# Gradient Descent and Backpropagation

Now that we know how to calculate the derivatives for a single perceptron, we can extend this process to train a full, multi-layer neural network. The method is the same: we will use **Gradient Descent** to find the best weights and biases.

The only difference is that now we have many more parameters, so we need a systematic way to calculate the derivative of the loss function with respect to every single one of them.

---
## A Deeper Neural Network Architecture

Let's consider a neural network with three layers of transformations: an input layer, **two hidden layers**, and an output layer.

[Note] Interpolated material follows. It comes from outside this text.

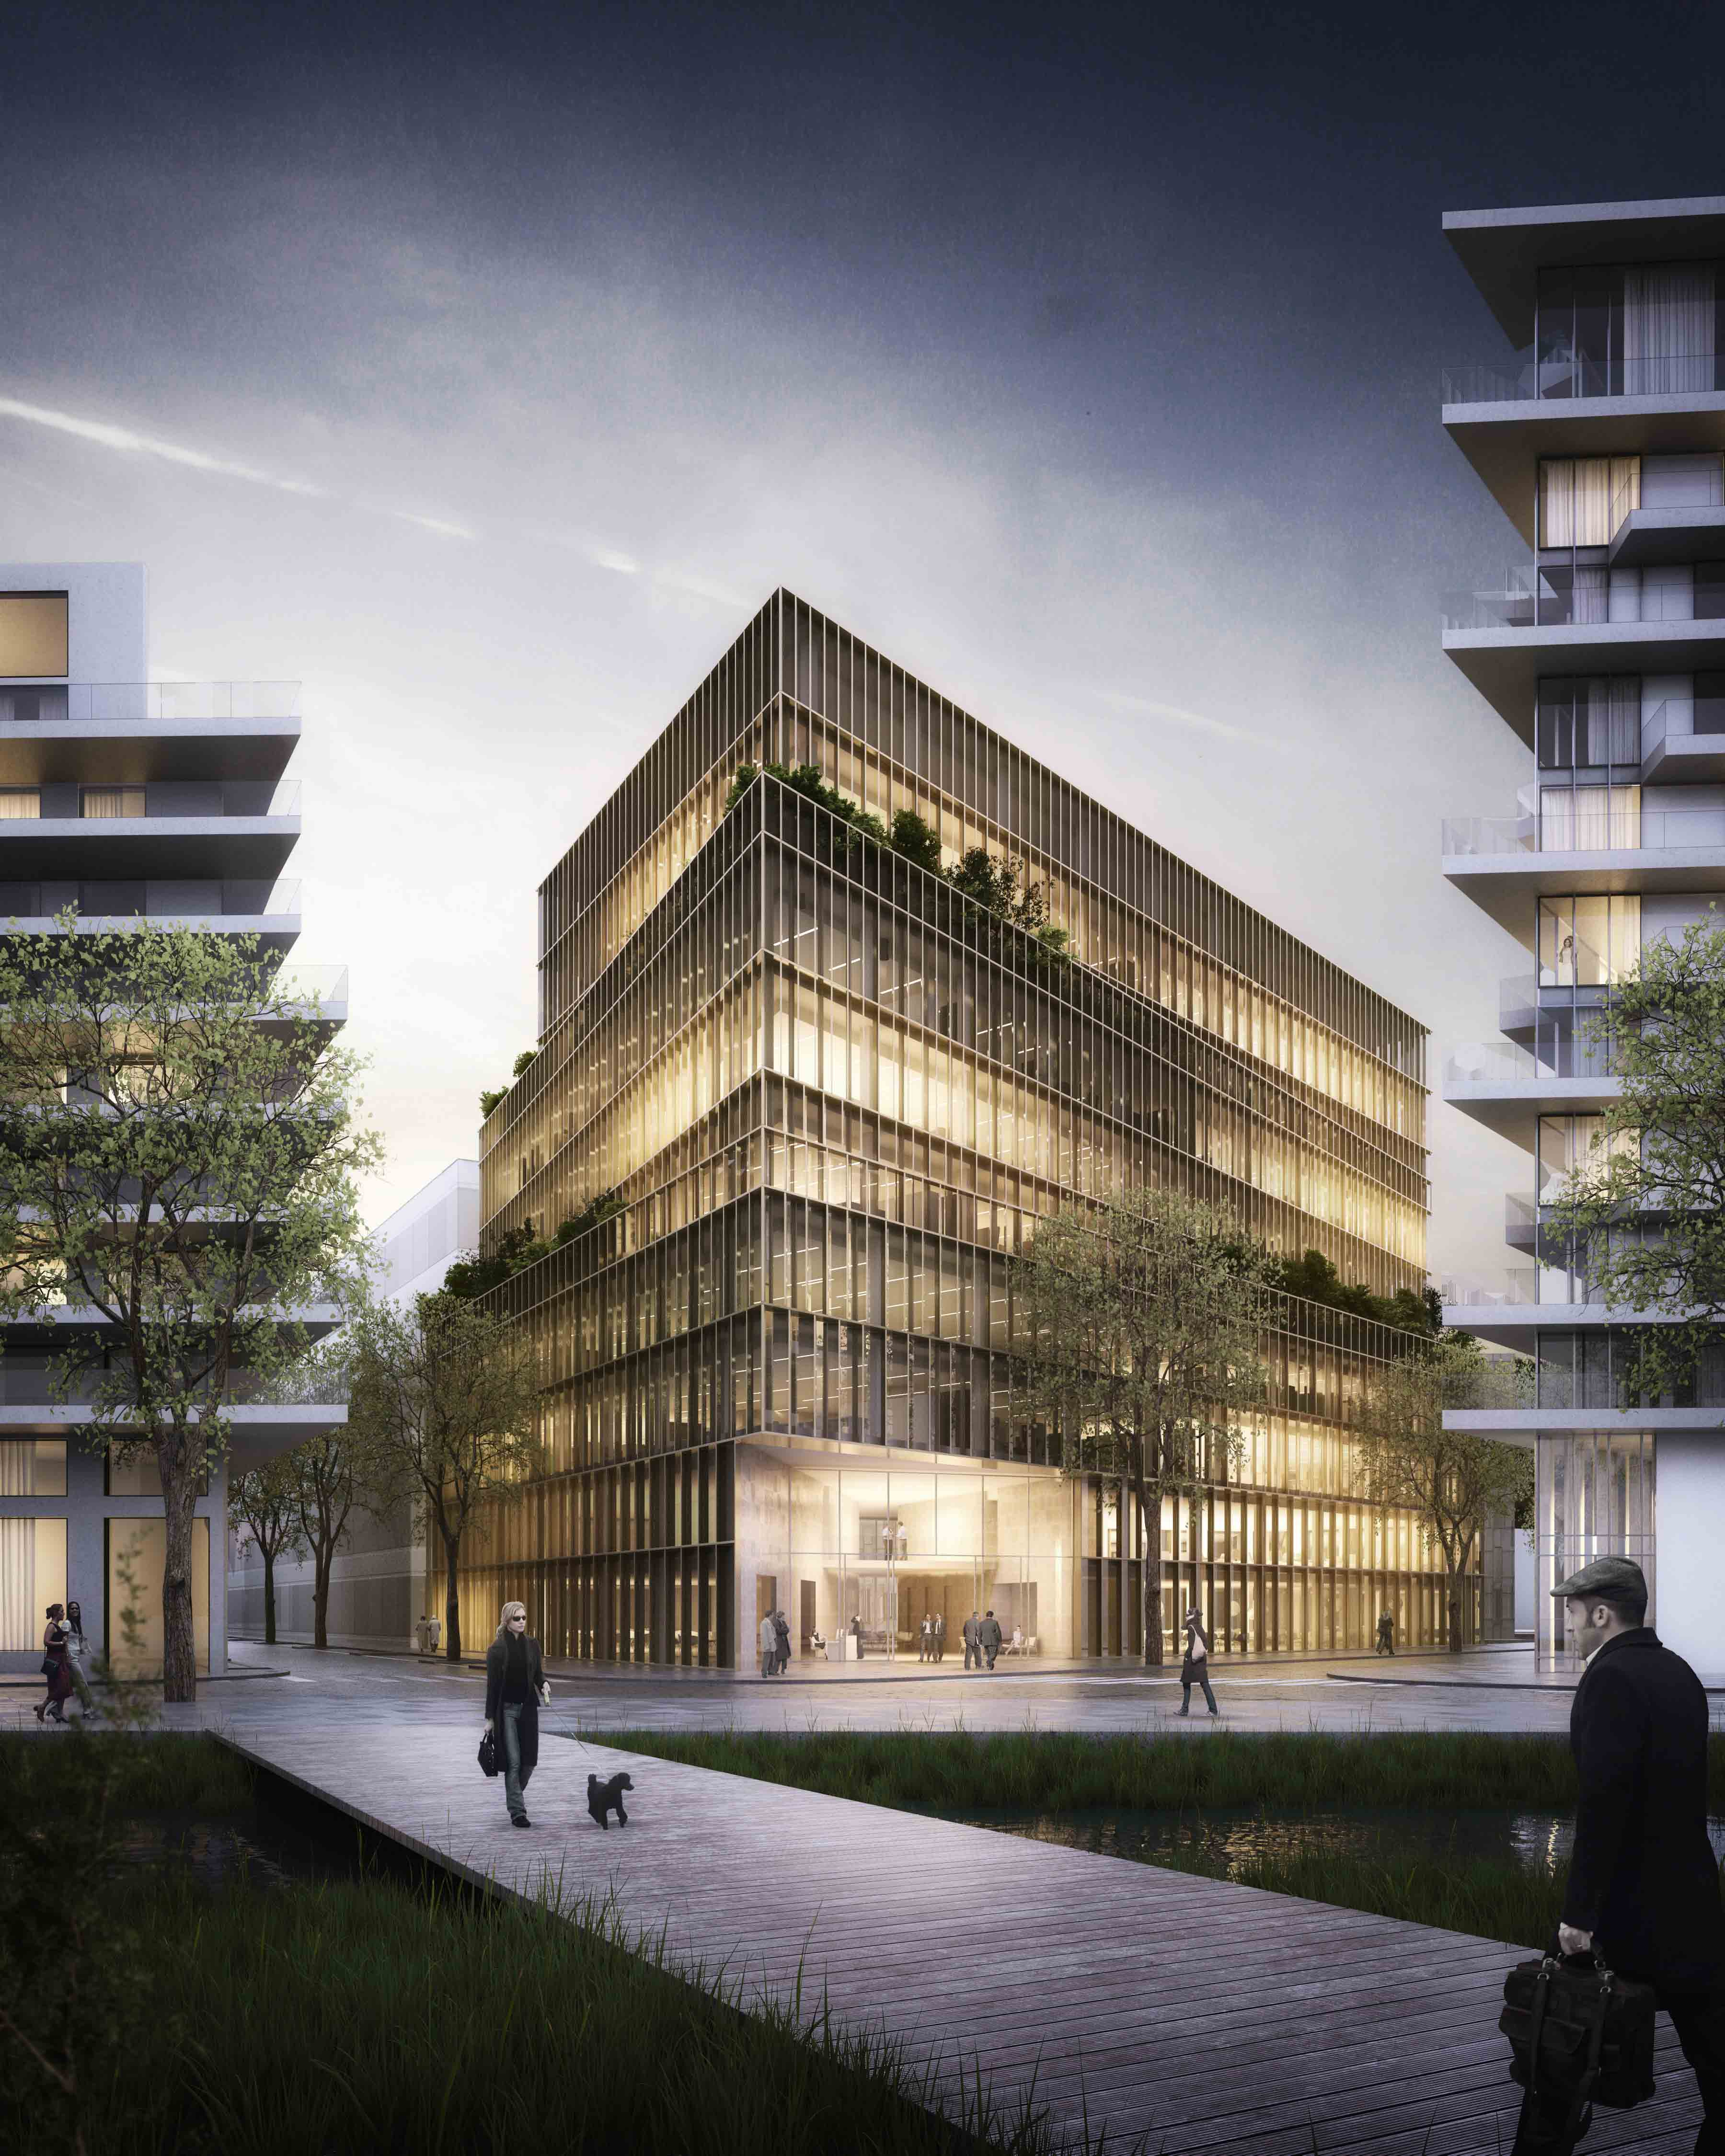 Proposta Vencedora para Edifício de Escritórios Kaufman & Broad / Studioninedots, © A2STUDIO
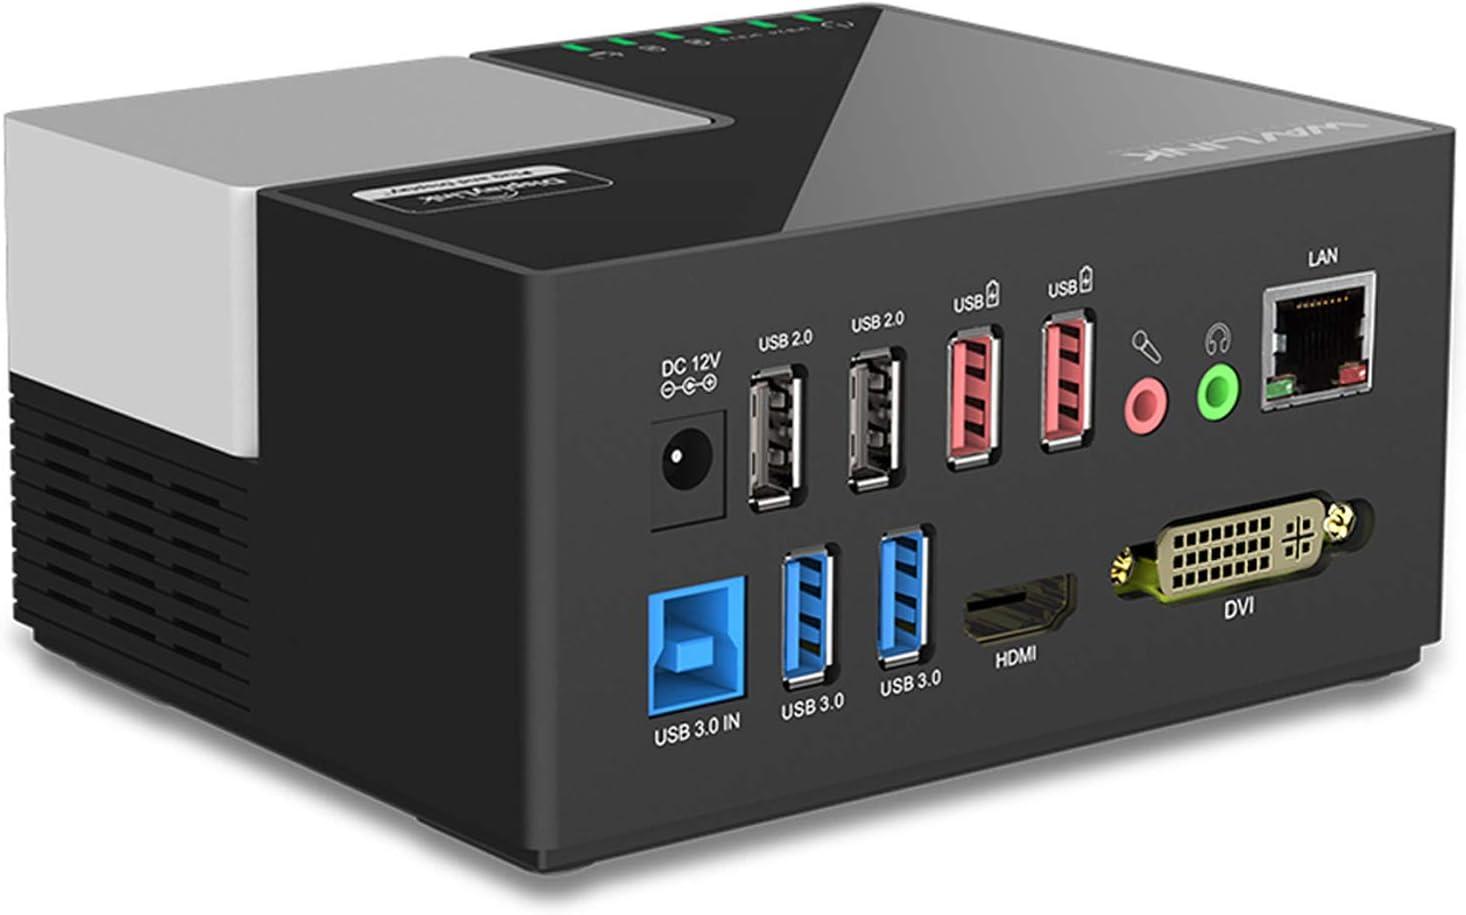 WAVLINK USB 3.0 Portátil Docking Station Multifuncional Dual Video Monitor Display DVI, HDMI, Gigabit Ethernet, Audio, 6 USB Puertos,DP, Soporta Windows, Mac OS, Android-Negro

To keep track of all the parameters, we will use a superscript to denote the layer number.

![](./images/1001.png)

* **Layer 1 (First Hidden Layer):**
    * Weights: $W^{(1)}$, Biases: $b^{(1)}$
    * Activations: $a^{(1)} = \sigma(z^{(1)})$  
` `
* **Layer 2 (Second Hidden Layer):**
    * Weights: $W^{(2)}$, Biases: $b^{(2)}$
    * Activations: $a^{(2)} = \sigma(z^{(2)})$  
` `
* **Layer 3 (Output Layer):**
    * Weights: $W^{(3)}$, Bias: $b^{(3)}$
    * Final Prediction: $\hat{y} = a^{(3)} = \sigma(z^{(3)})$  
` `
The goal is to adjust all the weights and biases in all three layers to minimize the **log-loss function**, $L(y, \hat{y})$.

---
## Backpropagation: The Chain Rule on a Grand Scale

To update each parameter using Gradient Descent, we need to find the partial derivative of the final loss `L` with respect to that parameter. This requires us to trace the path of influence from the parameter all the way to the final loss, applying the chain rule at each step.

This process of calculating the gradients by propagating the error signal backward through the network's layers is called **backpropagation**.

Let's trace the chain for a weight in the very first layer, like $w_{11}^{(1)}$. The chain of dependencies is now much longer:

$$ w_{11}^{(1)} \to z_1^{(1)} \to a_1^{(1)} \to z^{(2)} \to a^{(2)} \to z^{(3)} \to \hat{y} \to L $$

The chain rule for this is a very long product of derivatives:
$$ \frac{\partial L}{\partial w_{11}^{(1)}} = \frac{\partial L}{\partial \hat{y}} \cdot \frac{\partial \hat{y}}{\partial z^{(3)}} \cdot \frac{\partial z^{(3)}}{\partial a^{(2)}} \cdot \frac{\partial a^{(2)}}{\partial z^{(2)}} \cdot \frac{\partial z^{(2)}}{\partial a_1^{(1)}} \cdot \frac{\partial a_1^{(1)}}{\partial z_1^{(1)}} \cdot \frac{\partial z_1^{(1)}}{\partial w_{11}^{(1)}} $$

---
## The Efficiency of Backpropagation

While this looks incredibly complex, the good news is that we don't have to calculate everything from scratch for each parameter. Backpropagation is a very efficient algorithm because it **reuses calculations**.

The process works like this:
1.  **Forward Pass:** We feed an input through the network and calculate the output `ŷ` and the final loss `L`. We store all the intermediate values ($z^{(1)}, a^{(1)}, z^{(2)}, a^{(2)}, z^{(3)}$) along the way.  

2.  **Backward Pass:**
    * First, we calculate the derivatives at the very end of the chain ($\frac{\partial L}{\partial \hat{y}}$ and $\frac{\partial \hat{y}}{\partial z^{(3)}}$).
    * We use these to find the gradients for the parameters in the **last layer** (Layer 3).
    * Then, we take that result and continue "propagating" the error backward to calculate the gradients for the **second-to-last layer** (Layer 2), reusing the derivatives we've already computed.
    * Finally, we continue this process back to the **first layer**, again reusing all the previous calculations.

This step-by-step backward flow is much more efficient than calculating the entire long chain rule for every single weight individually.

The good news for a machine learning practitioner is that modern libraries like TensorFlow and Keras perform this entire backpropagation process for you automatically. However, understanding that it's just a clever and recursive application of the chain rule is fundamental to knowing how neural networks truly learn.